Był rok 1989. Sezon był udany. Ale tylko sezon. Poza sezonem, Kołobrzeg stawał się miastem opustoszałym. Tak zwana „Perła Bałtyku” była miastem brudnym i śmierdzącym, choć w porównaniu z miastami południa Polski, mogliśmy być dumni. Zanieczyszczaliśmy Bałtyk zgodnie z przepisami, ludzie kapali się w śmieciach, a 200 lokalnych kotłowni każdego zimowego dnia zanieczyszczało powietrze, a pomimo to jakoś dało się tu żyć. Chcieliśmy jednak żyć lepiej i mieliśmy wizję Kołobrzegu, riwiery północy, czynnej cały rok. Takie postulaty w dokumentach miejskich widoczne są już w 1989 roku. Mówił o tym Bohdan Trzeciak, naczelny lekarz uzdrowiska. Wojewódzka Rada Narodowa w Koszalinie zmieniła granice strefy „A” uzdrowiska, a powstałe w ten sposób rezerwy na wschód od ciepłowni centralnej, miały w przyszłości być wykorzystane pod budowę hoteli. W dokumentach miejskich takich zapisów jest więcej. Na przykład w „Kronice Miasta” z 1979 roku znajduje się informacja dotycząca terenów wokół ośrodka „Arka”. W kronice zapisano, że to pierwszy obiekt wznoszony w tej części Kołobrzegu, zwanej dzielnicą "R". "Za kilka lat będzie tu tętniło ogromne uzdrowisko. Ulice, deptaki, ogrody zimowe, okazałe budowle, baseny kąpielowe, kwieciste dywany klombów, egzotyczna roślinność ozdobne krzewy - to przyszły widok tej pięknej dzielnicy". Piszący te słowa nie zdawał sobie sprawy, jak odległa przyszłość jest przez niego omawiana, ale jak widać, jest w tym pewnego rodzaju zbieżność. I gdy prof. Trzeciak pisze o hotelach jako szansie dla Kołobrzegu, powiela myślenie, które w Kołobrzegu było ugruntowane. I w 1989 roku nie były to pobożne życzenia, a oficjalne plany, pozbawione wszakże jeszcze możliwości kapitałowych.

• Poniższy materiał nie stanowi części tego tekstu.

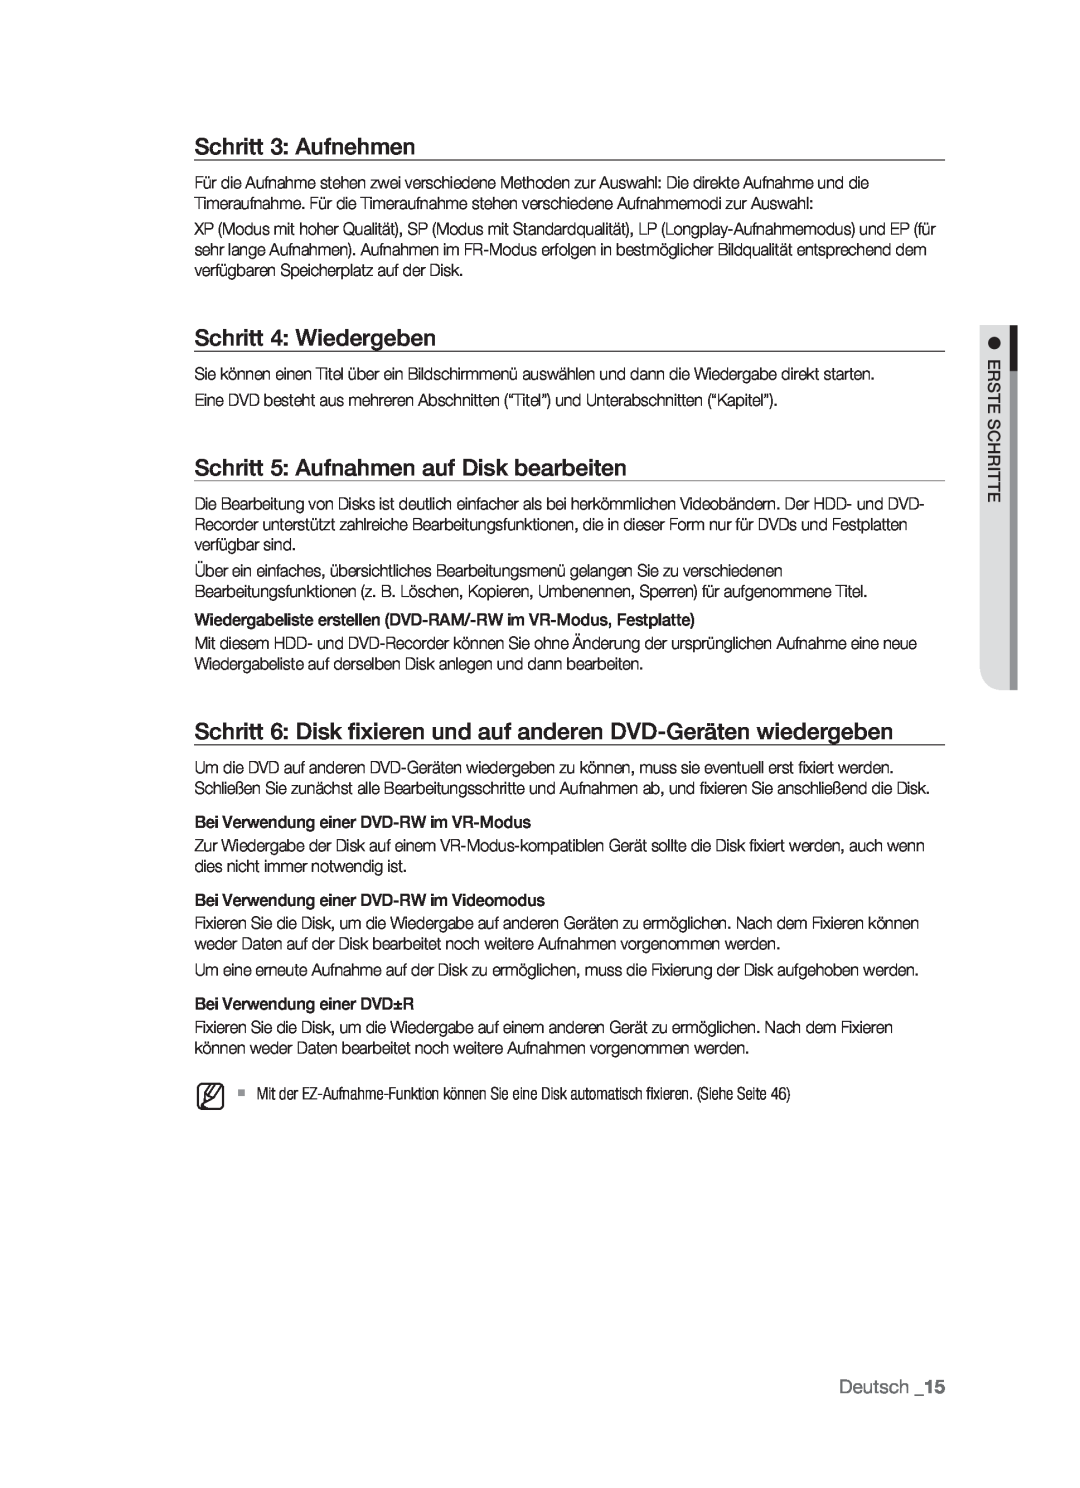 Samsung DVD-HR773/AUS manual Schritt 3 Aufnehmen, Schritt 4 Wiedergeben, Schritt 5 Aufnahmen auf Disk bearbeiten, Deutsch 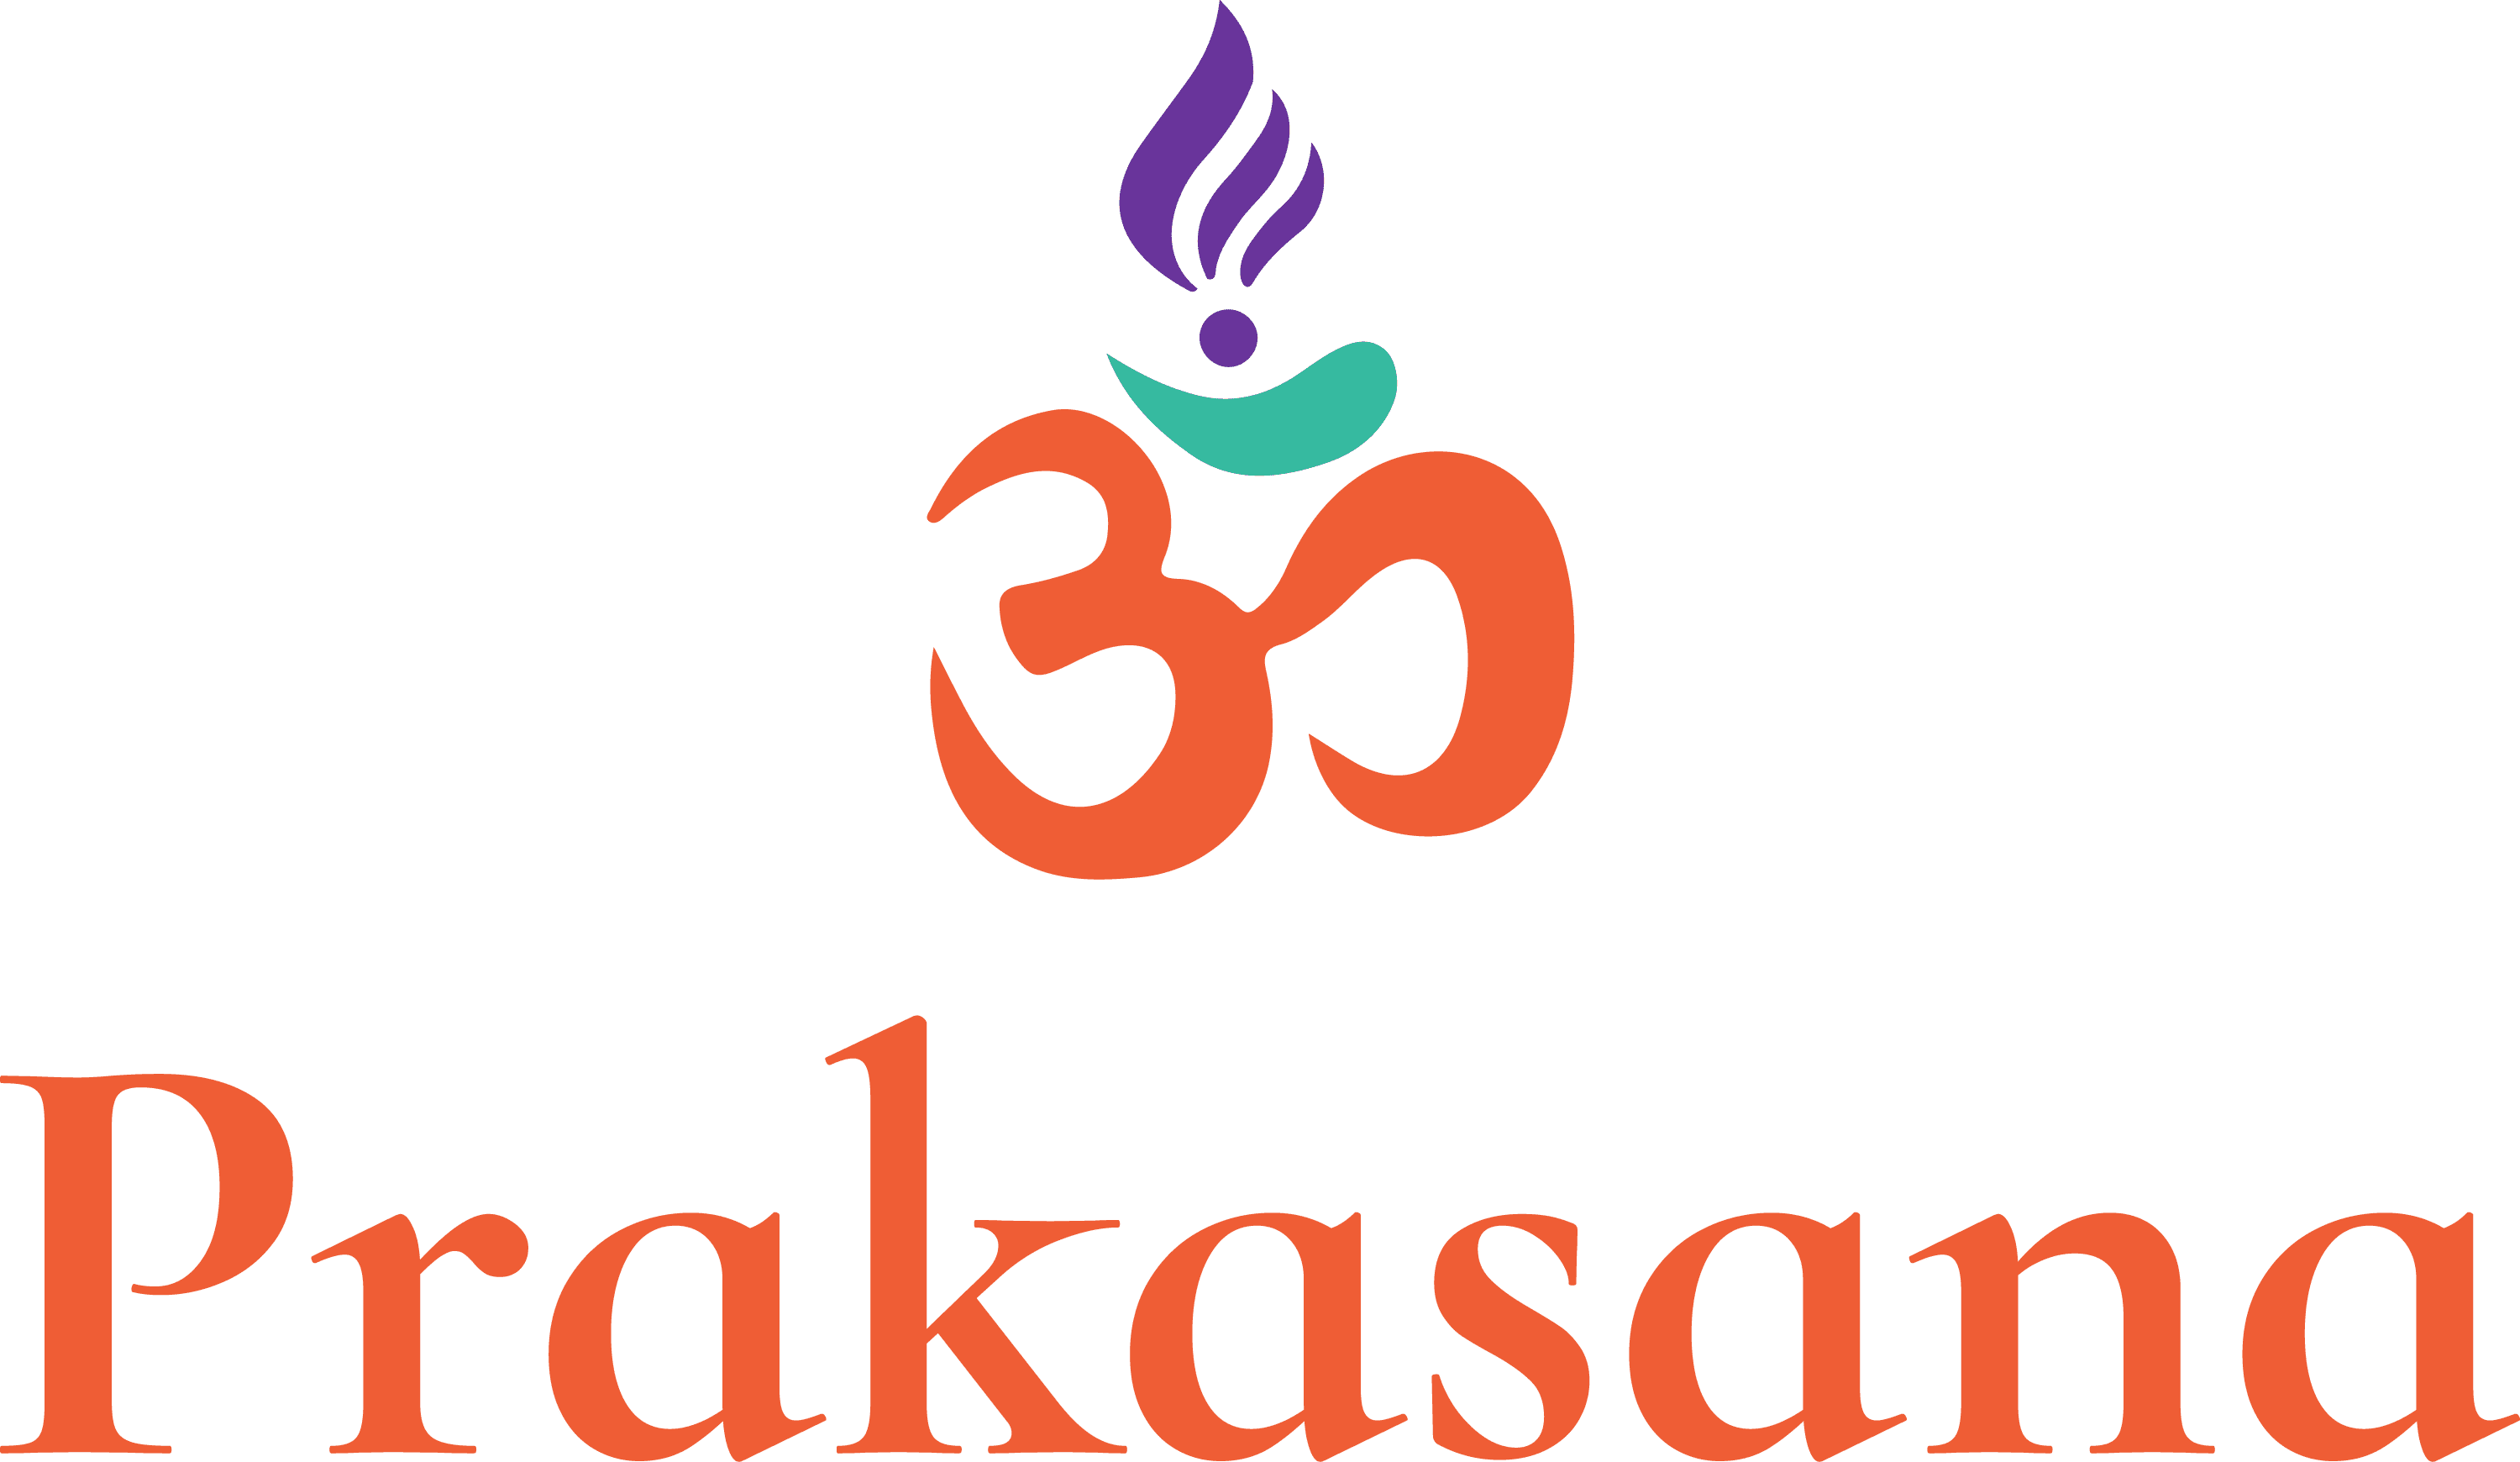 Prakasana Yoga Logo, vertical

Po prospericie budownictwa wielkiej płyty, realizowanego przez Kombinat Budowlany według koncepcji Miastoprojektu, nastały czasy Nowej Starówki i zabudowy centrum miasta. Jednak początkowa koncepcja, zrealizowana w pierwszym kwartale ulicy Katedralnej, Brzozowej, Narutowicza i Mariackiej, oparta na spadzistych dachach i dopasowaniu do architektury miasta, została szybko wypaczona przez prywatne spółdzielnie i rodzące się na biznesie budowlanym firmy. Budowano coraz wyżej i bez wizji, bez smaku. Jeszcze koncepcja zabudowy przed samym ratuszem, realizowana przez spółdzielnię „Starówka” jakoś do pierwotnych założeń pasowała, ale im dalej w las tym więcej betonu. Spowodowało to również wiele kontrowersji, tłumaczył się z tego Marian Jagiełka, wskazując m.in. że ogromne ceny mieszkań spowodowane były bardzo wysokimi cenami działek. To też prawda, co nie znaczy, że należało budować kosztem samego miasta. Budowano bez parkingów, albo z ich ograniczoną liczbą, pomimo, że radni przed tym przestrzegali. Garaże podziemne powstawały przy nielicznych inwestycjach. Z analizowanych dokumentów, wypowiedzi radnych i członków Zarządu Miasta, wreszcie artykułów prasowych, można dojść do jednego wniosku, że to zysk i jego maksymalizacja według modelu z lat 90-tych stały za zabudową śródmieścia. I to zabudową pazerną, która wymagała autoregulacji. Tak zatrzymano zabudowę Skweru 750-lecia. Po dziś dzień, od strony ul. Katedralnej i Dubois straszy pusta ściana, do której miały być dobudowane kolejne lokalne. Argument był prosty: skwer był brzydki, zaniedbany, a architekci odtwarzają dawną zabudowę, co oczywiście było nieprawdą: skwer można było poddać rewitalizacji. A dawną architekturę nie tyle odtwarzano, co budowano na dawniej zabudowanych terenach. A budowano więcej i wyżej. Gdy okazało się, że w 1995 roku, że nie będzie przenosin Muzeum Oręża Polskiego i nie będzie można zabudować działki po wystawie plenerowej, rozpętała się wielka afera, w której architekci zarzucali władzom działanie na szkodę wyglądu miasta. Idea Nowej Starówki miała nie znać granic i objąć całe śródmieście, łącznie ze Skwerem Pionierów. Tak się na szczęście nie stało.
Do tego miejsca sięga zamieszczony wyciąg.